- What the task asks -
Copy out the data exactly, leaving the pictures behind.

- Stored data -

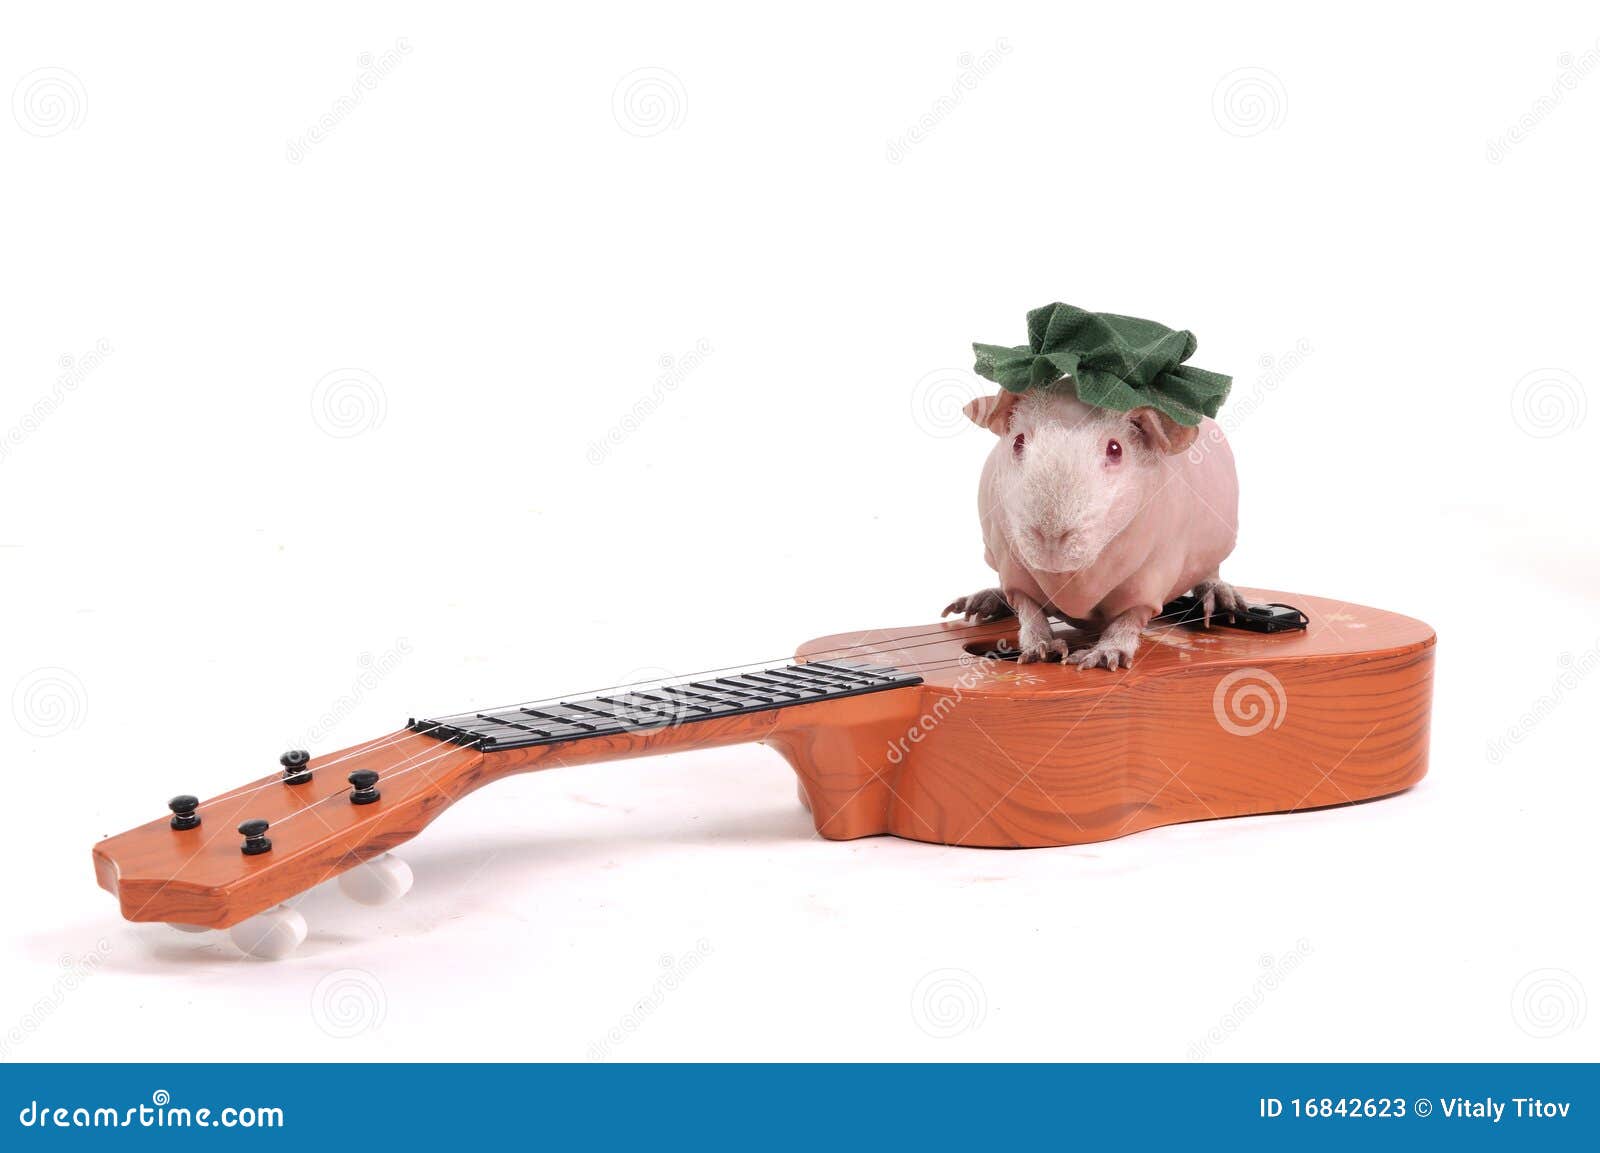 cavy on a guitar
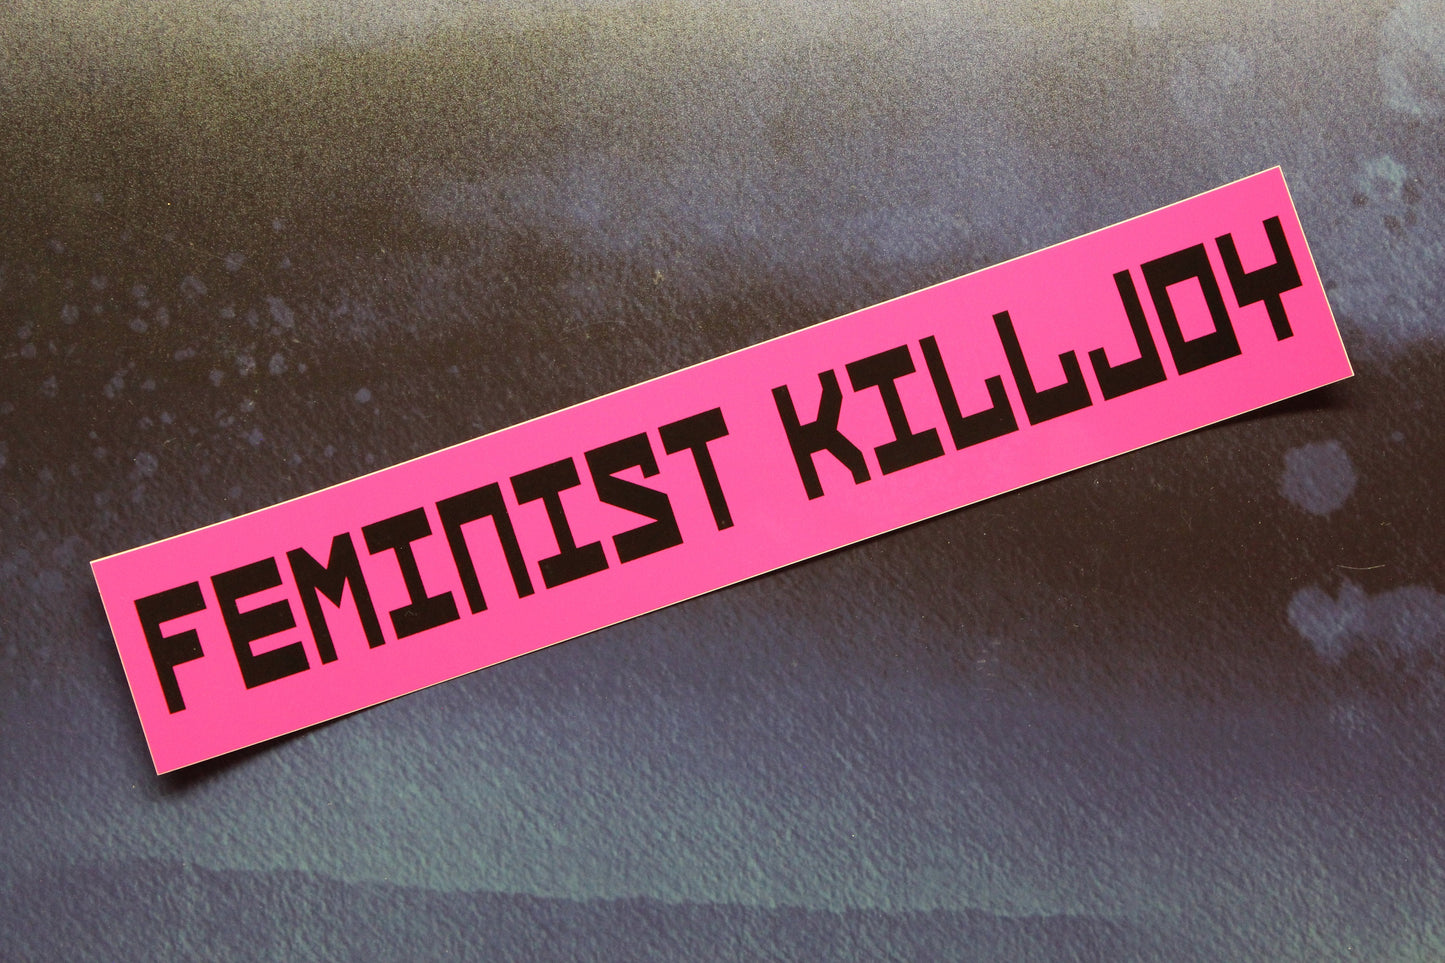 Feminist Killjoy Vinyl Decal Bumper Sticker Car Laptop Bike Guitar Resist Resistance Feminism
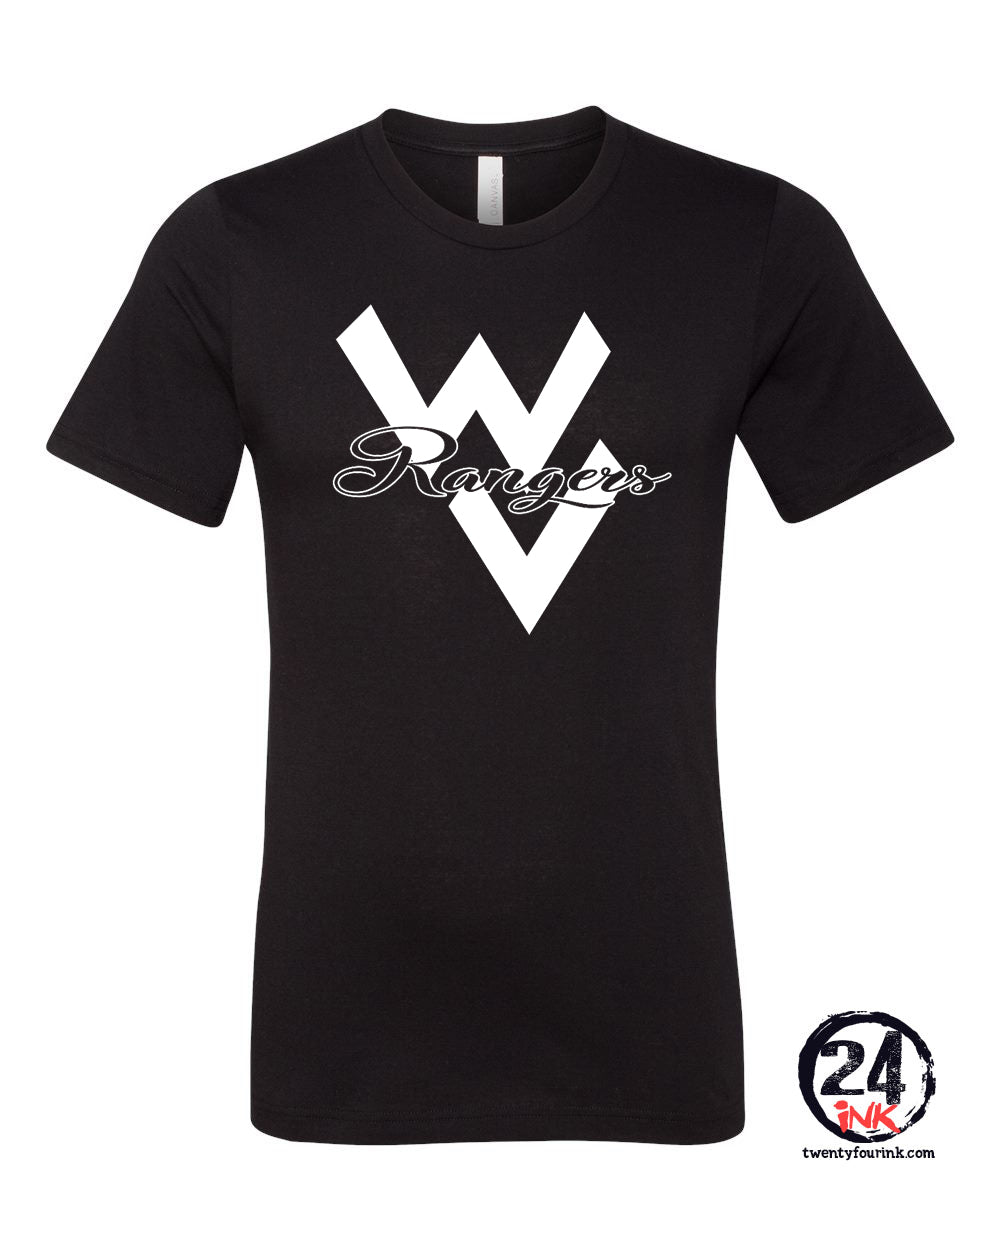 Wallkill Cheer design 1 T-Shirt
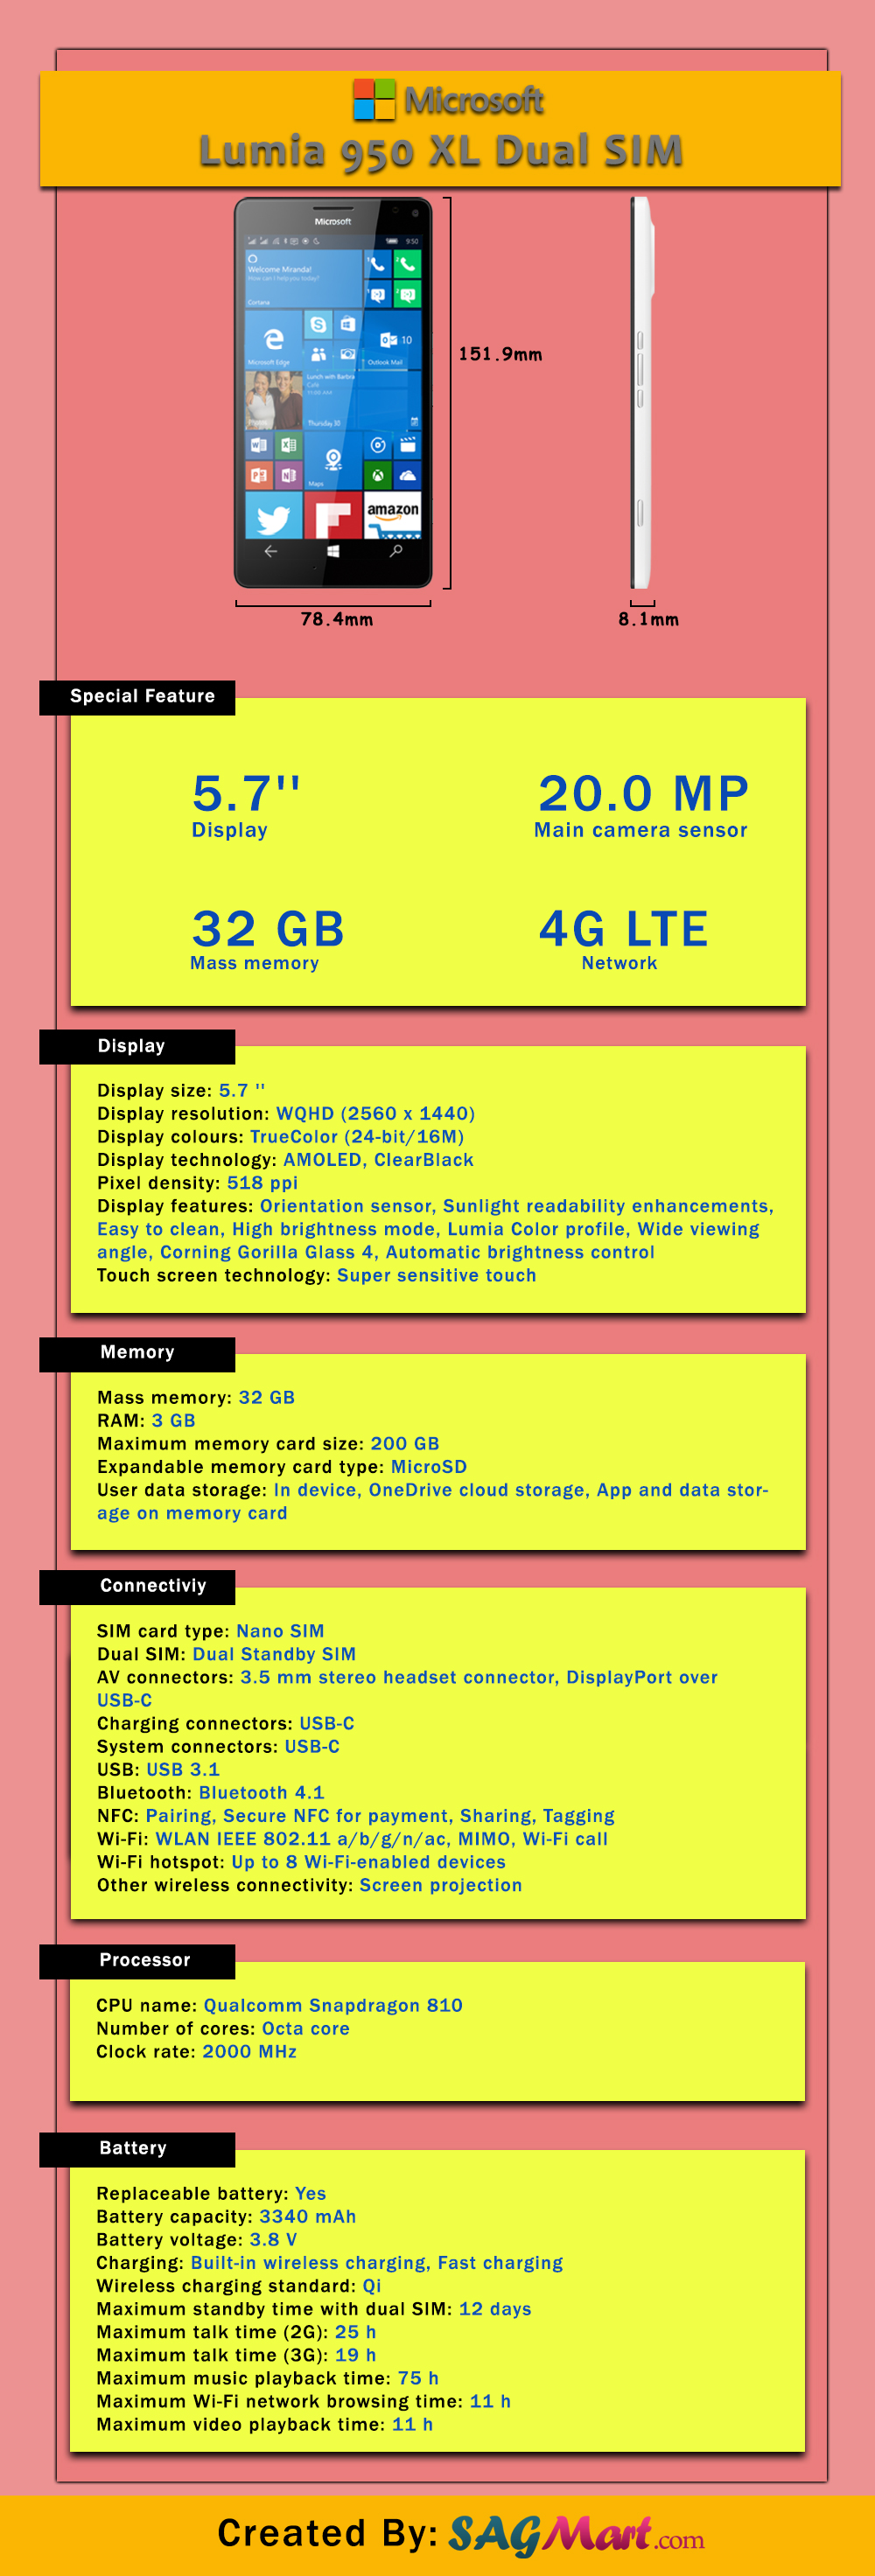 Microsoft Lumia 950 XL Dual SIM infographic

- Written answer -
 cavy on a guitar
 Feminist Killjoy Vinyl Decal Bumper Sticker Car Laptop Bike Guitar Resist Resistance Feminism
 Wallkill Cheer design 1 T-Shirt
 Microsoft Lumia 950 XL Dual SIM infographic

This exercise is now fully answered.